InStep NanoPower LLC
www.instepnanopower.com
SBDC Assistance Empowers Scientist to Start Business
Turning an idea into a product was nothing new to Tom Krupenkin. Starting a business was. That’s why the UW-Madison Small Business Development Center (SBDC) helped this UW Engineering Professor start InStep NanoPower LLC in order to commercialize an energy harvesting technology that he developed. “What I found useful about the program that SBDC offers is that it gives a broad overview and useful examples of how commercialization can be done and what the success stories look like,” says Krupenkin.

After the course, Krupenkin received additional counseling from course instructor Jack Reiners. “The course gave me initial knowledge of how to do things, but I did not have specifics of how to do that in my particular case. Being able to talk to Jack and draw from his experience was and is very useful.”

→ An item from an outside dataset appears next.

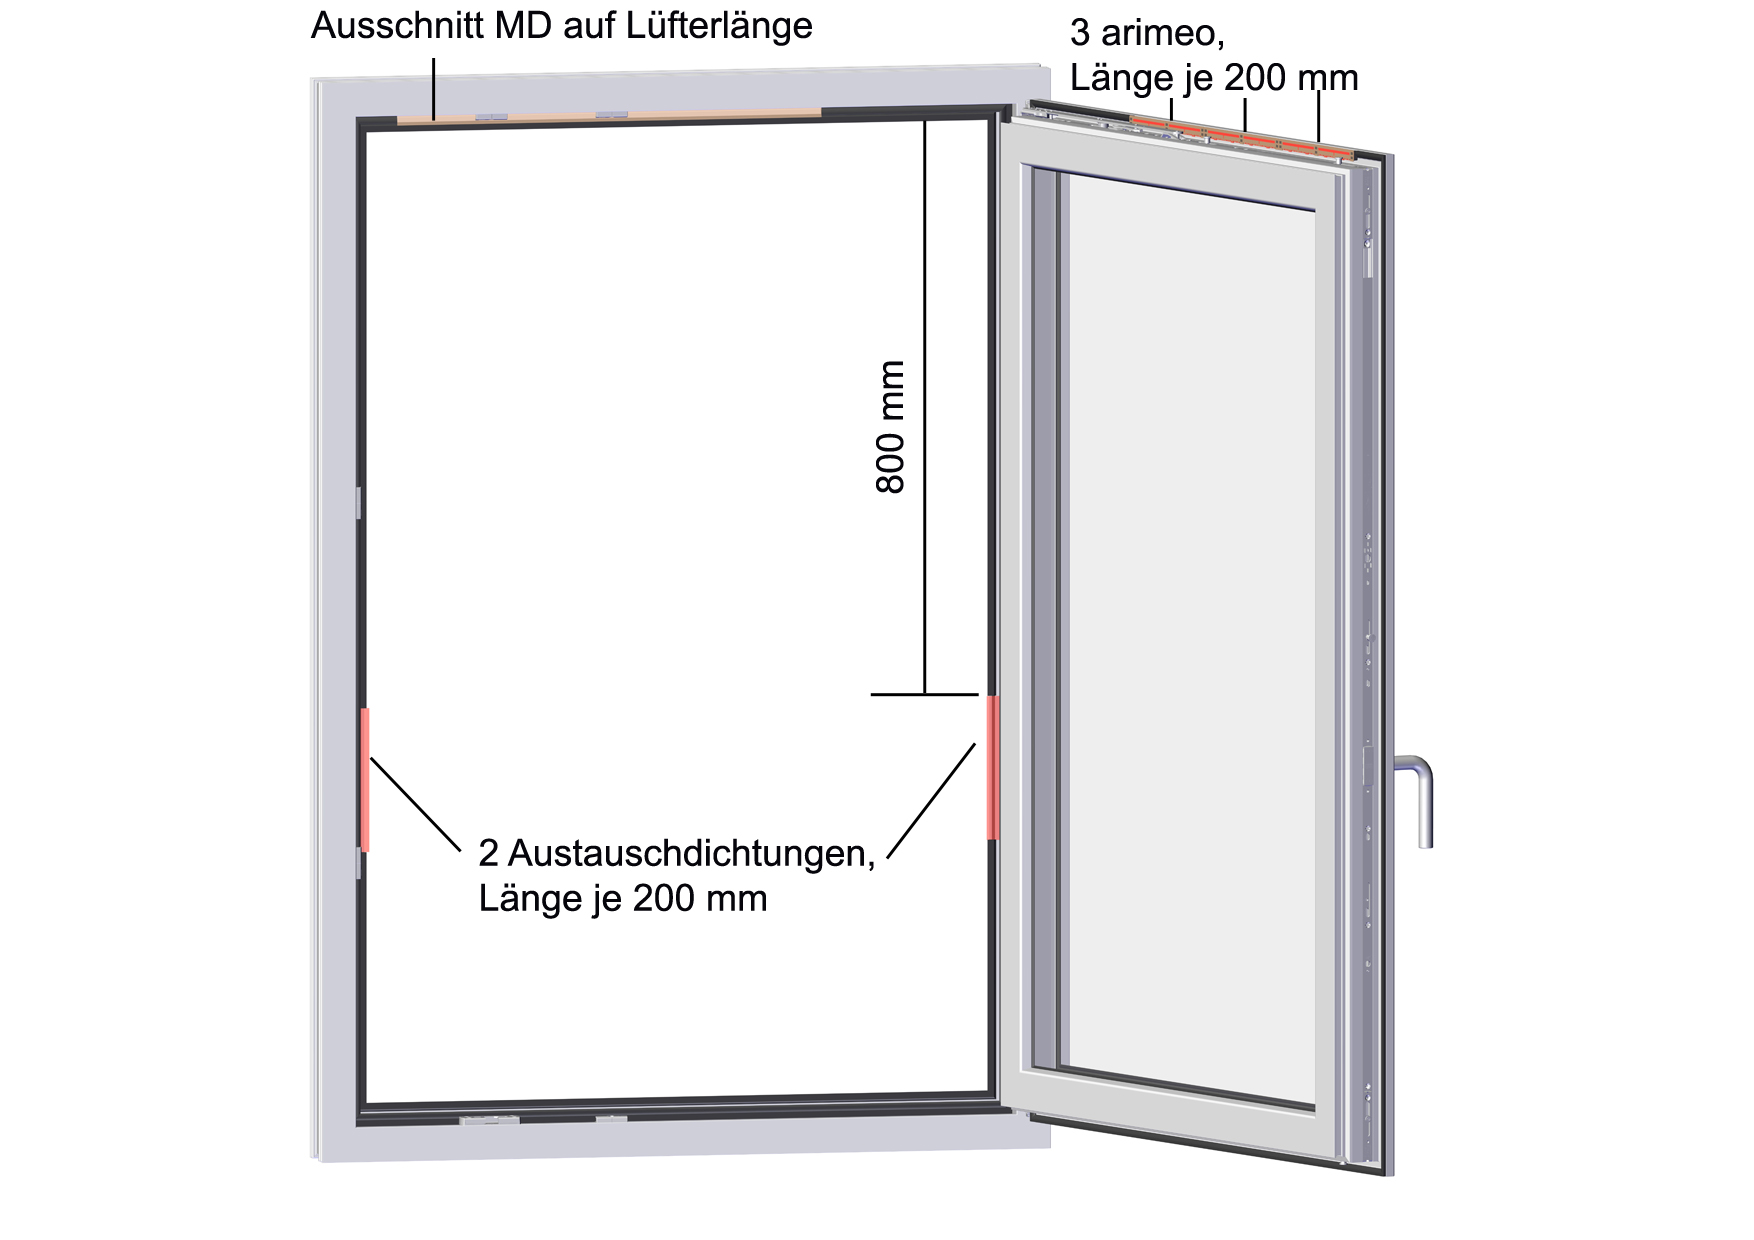 arimeo classic S Fensterfalzlüfter Einbauvariante triple acoustic MD

Technology with Unique Application
One application of Krupenkin’s technology is to harvest energy from human locomotion through a device placed in footwear. “We invented a method that is uniquely appropriate for this type of motion - this type of force and displacement,” explains Krupenkin. “That should be important not only from a scientific standpoint but very useful for commercialization.”
Krupenkin stresses that his core technology is an energy harvesting enabling technology with a large variety of uses. The capture of energy generated by human locomotion is just one application, though it may be the most marketable to both a consumer market and a military/law enforcement market.
SBIR Grant from NSF Funds Proof of Concept
Fellow scientist J. Ashley Taylor joined Krupenkin last year to set up the company, which recently received a $150,000 Phase I Small Business Innovation Research (SBIR) grant from the National Science Foundation. Before he started his company, Krupenkin took a SBDC course on commercialization. The SBIR grant dollars will fund the proof of concept phase, notes Krupenkin. “So now I am building a device that will demonstrate that the technology works and can be used to power some type of useful load like a cell phone for instance. “
The SBIR Phase II funding would occur in 2011 “It is most important for us now to develop good connections with strategic partners, organizations and companies which have experience and products or potential products that can benefit from our technology,” says Krupenkin. “That is the focus of our commercialization effort right now”
Early-Stage Employment
InStep currently employs two people but will hire additional employees as it nears commercialization. “We hope at some point next year to travel the road from the proof of principle demonstration to product prototype development,” says Krupenkin. “At that point we will be able to generate enough interest from the investment community and the industrial community to partner with appropriate people to grow the company and have additional engineers working on the prototype.”